Philippa turned and tried to see her reflection in the plastic wall of the
partition. "You're right, it does make a difference. I'll have to remember that," she said, and she started to remove the necklace.
"Keep it," Hannah said. "It wasn't expensive. And it certainly isn't real gold!"
"But it's lovely. I really couldn't."
"Philippa, you've helped me to feel better by listening to me. There's no one I can talk to. My friends are all thin, and my family sees nothing wrong with being fat."
As she looked into Hannah's smile and felt the weight of the heavy medallion "draw down her lines," making her ten pounds thinner while she just sat there, Philippa suddenly experienced an old feeling, one that hadn't touched her since the night of her thirteenth birthday, when Frizz surprised her with a secret midnight birthday party in the dorm. Nine girls had come, bringing small presents, and clever Frizz, knowing Philippa's difficulty with sweets, had somehow managed to sneak down to the kitchen and fashion a birthday cake out of Spam. It had even had candles in it. Philippa knew that she and Hannah Ryan were going to be friends.

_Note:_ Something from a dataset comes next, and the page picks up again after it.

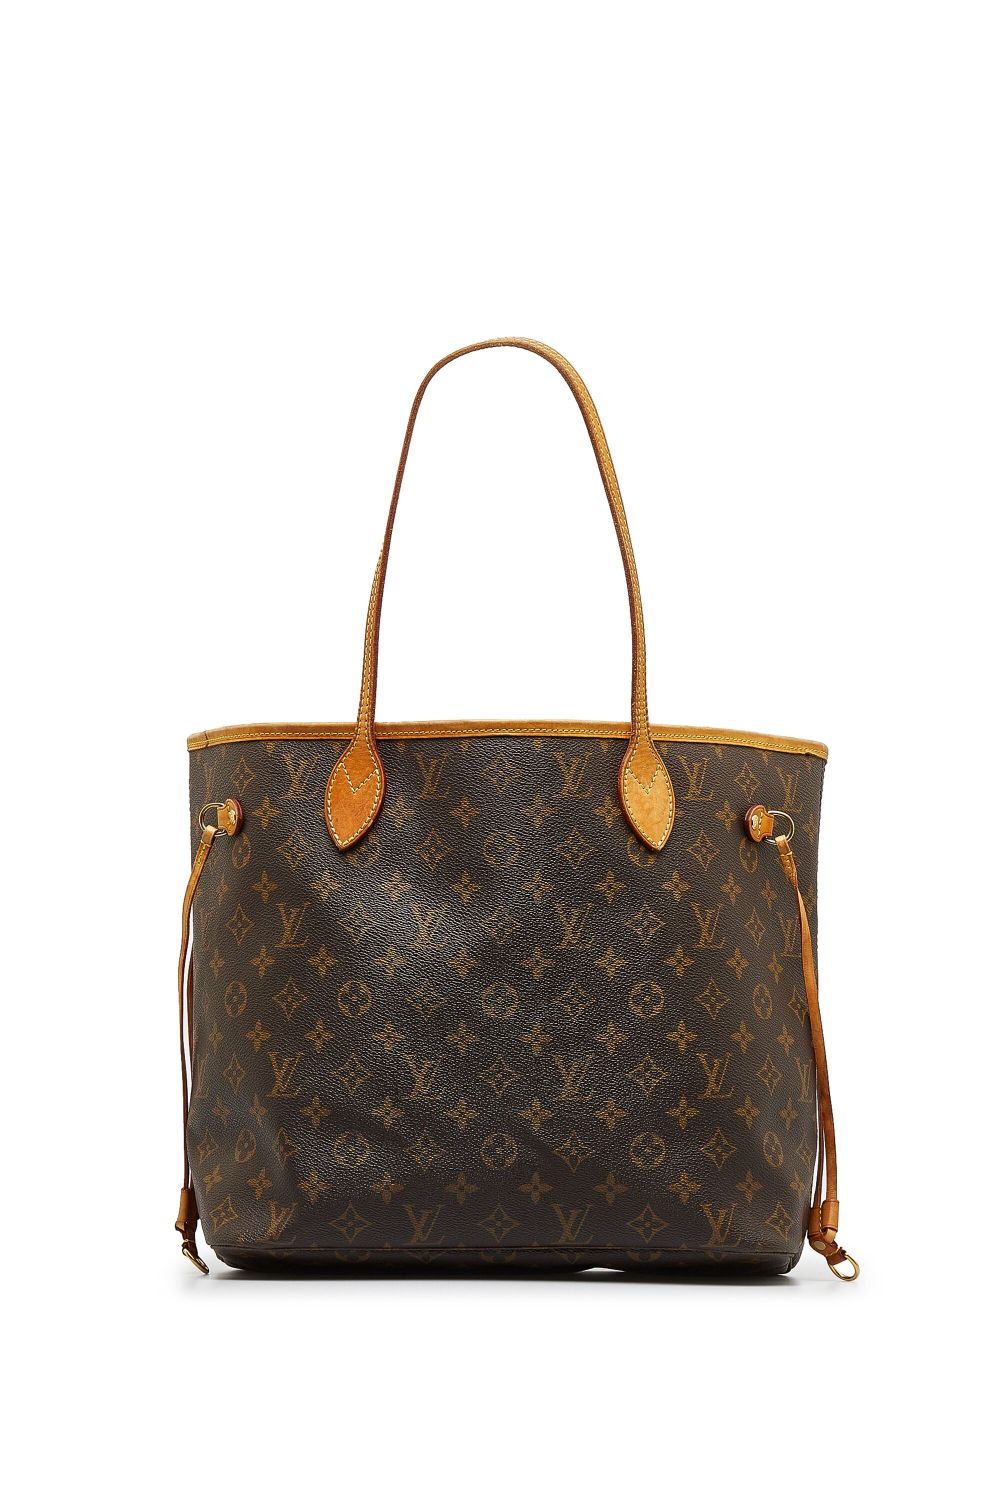 Pre-owned Louis Vuitton 2009 Monogram Neverfull Mm Tote Bag In Brown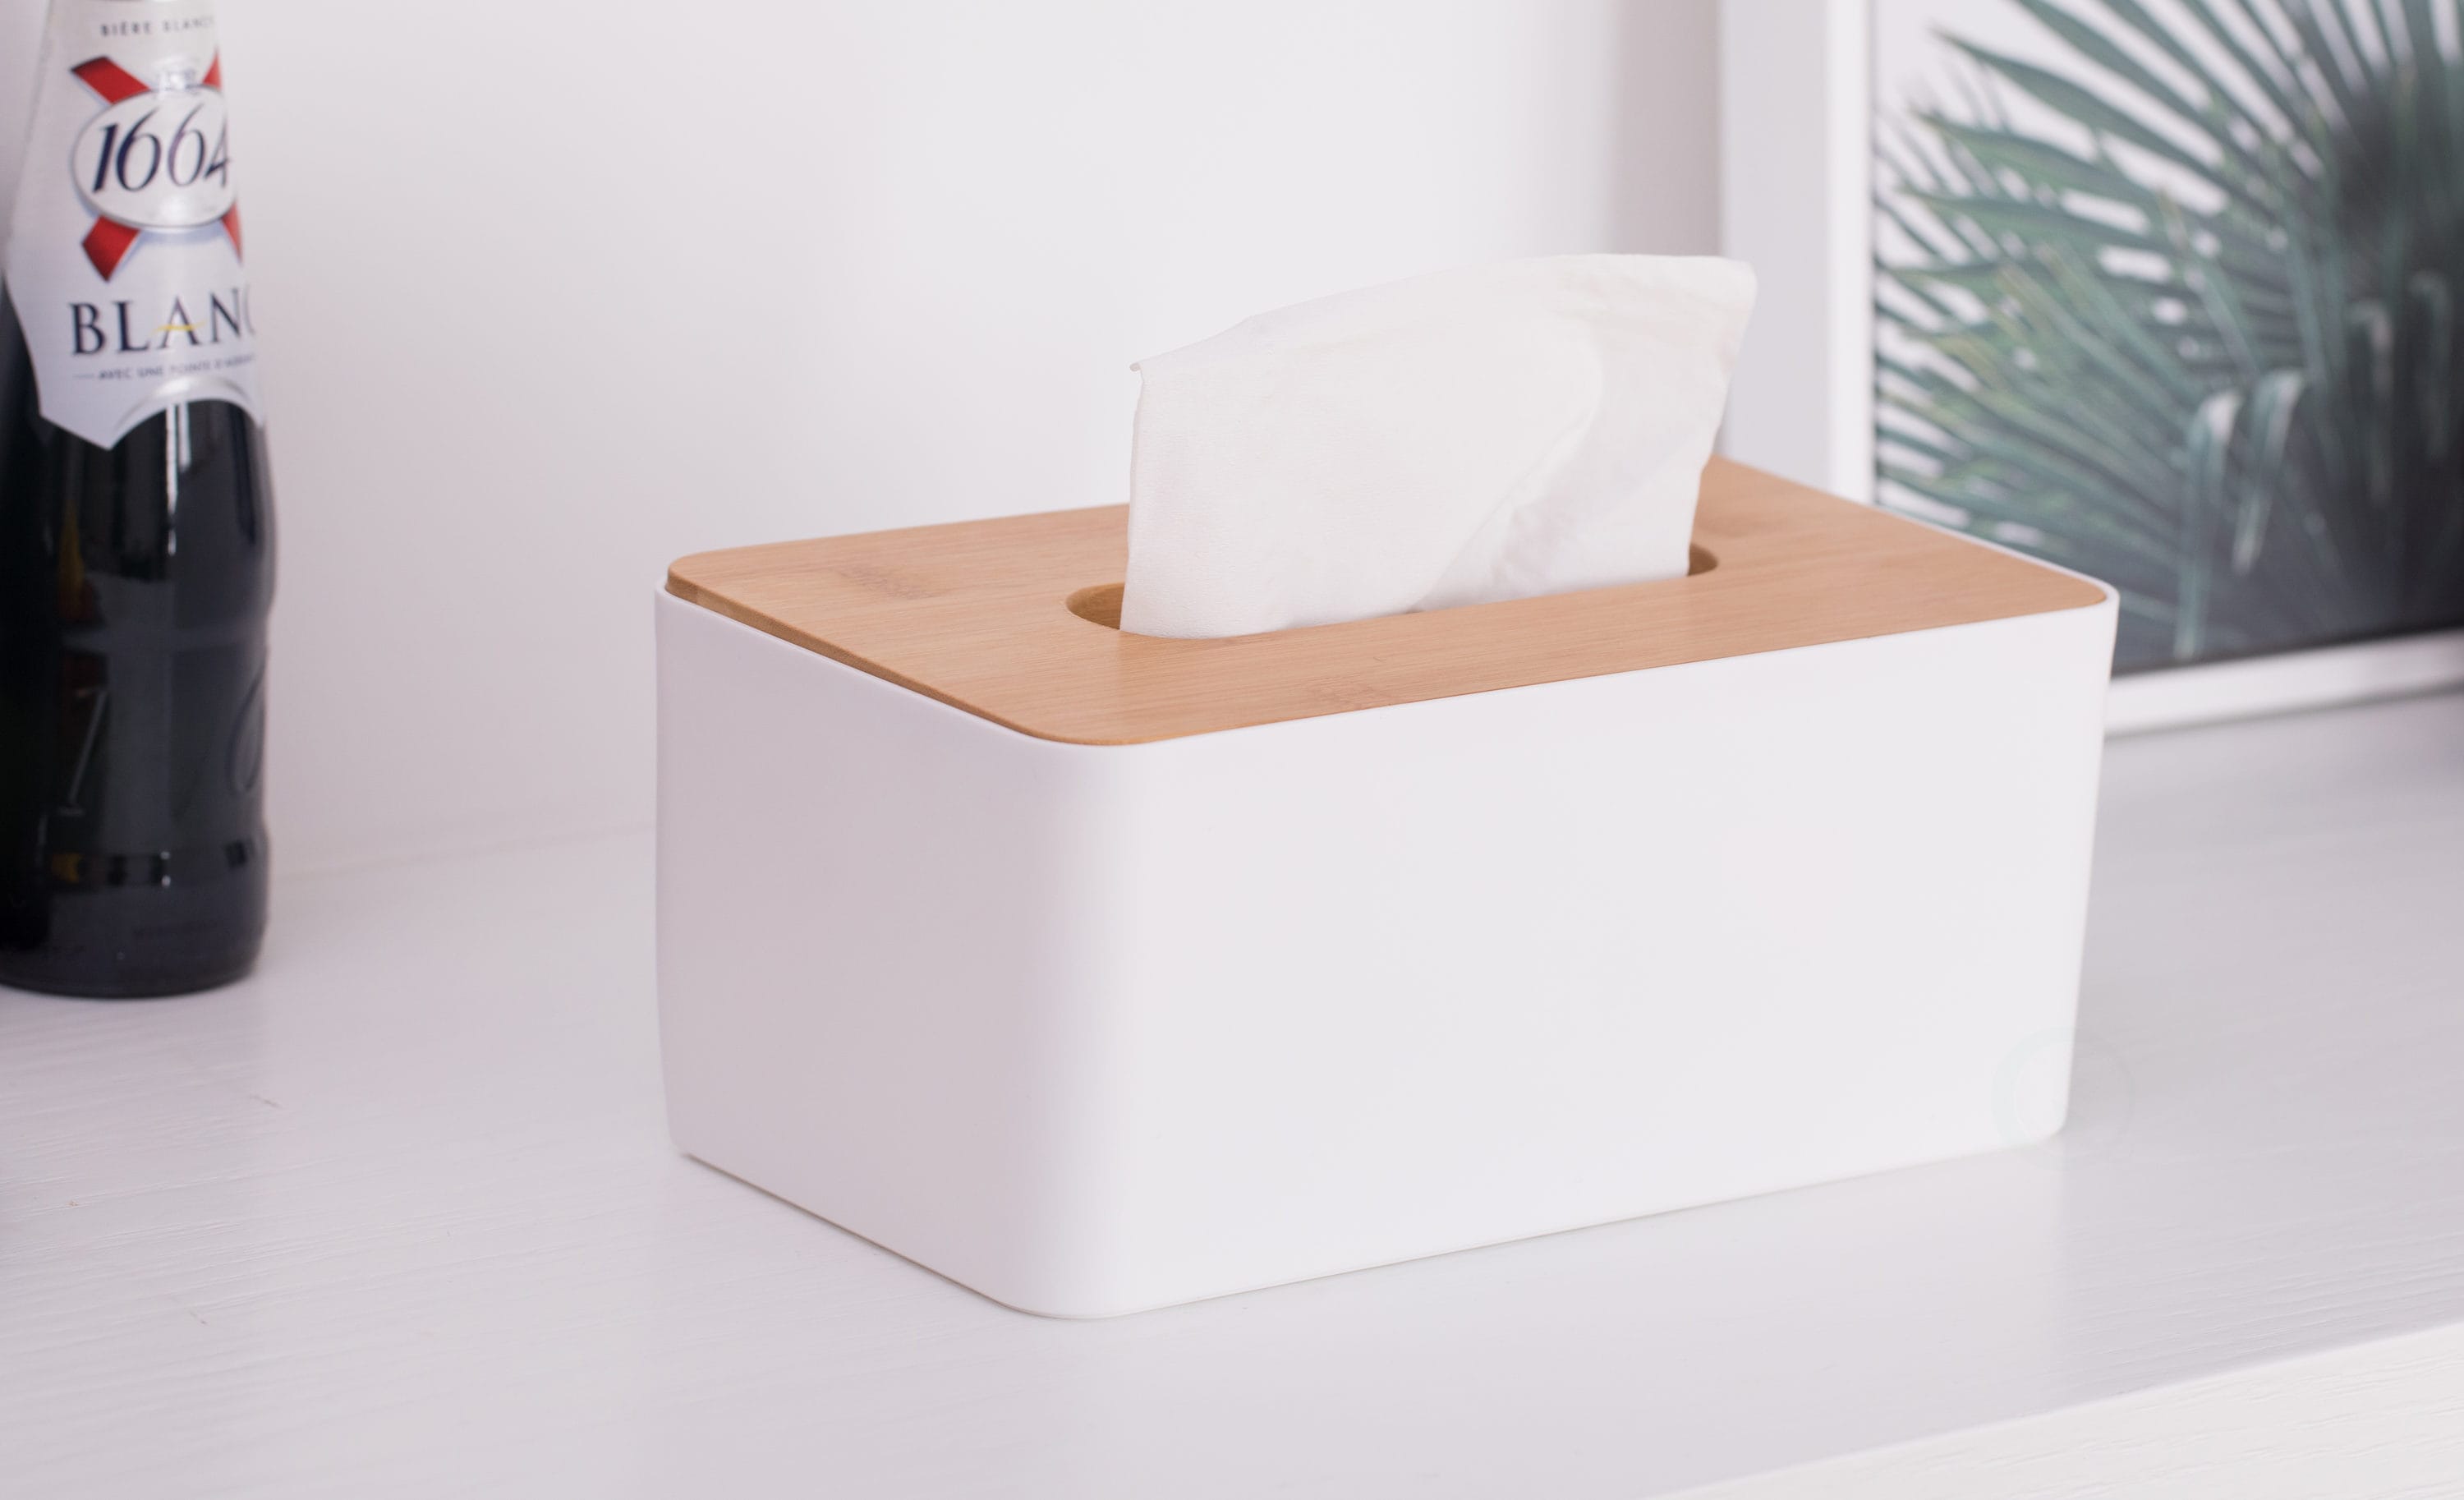 Details about   Bamboo Tissue Box Holder Storage Paper Box Tissue Box Cover Car Wood Napkins Hol

"Listen," she said. "Let's meet again, here, one week from today, at this same time. For the next seven days, we'll both follow Dr. Hehr's diet, we'll follow it religiously. If we think we're going to fall off it, we'll give each other a call. Next week we'll weigh ourselves on those scales there." She pointed to the drugstore entrance. "We'll give each other incentive. You won't go back to the clinic, but I'll go, and I'll get the new menu next week and pass it on to you. That way you'll save money. What do you think?"
"Oh, yes!" Hannah said, and two things popped into her mind: the lovely oak-shaded campus of Greer Academy, and Alan Scadudo's wonderfully sculpted ass.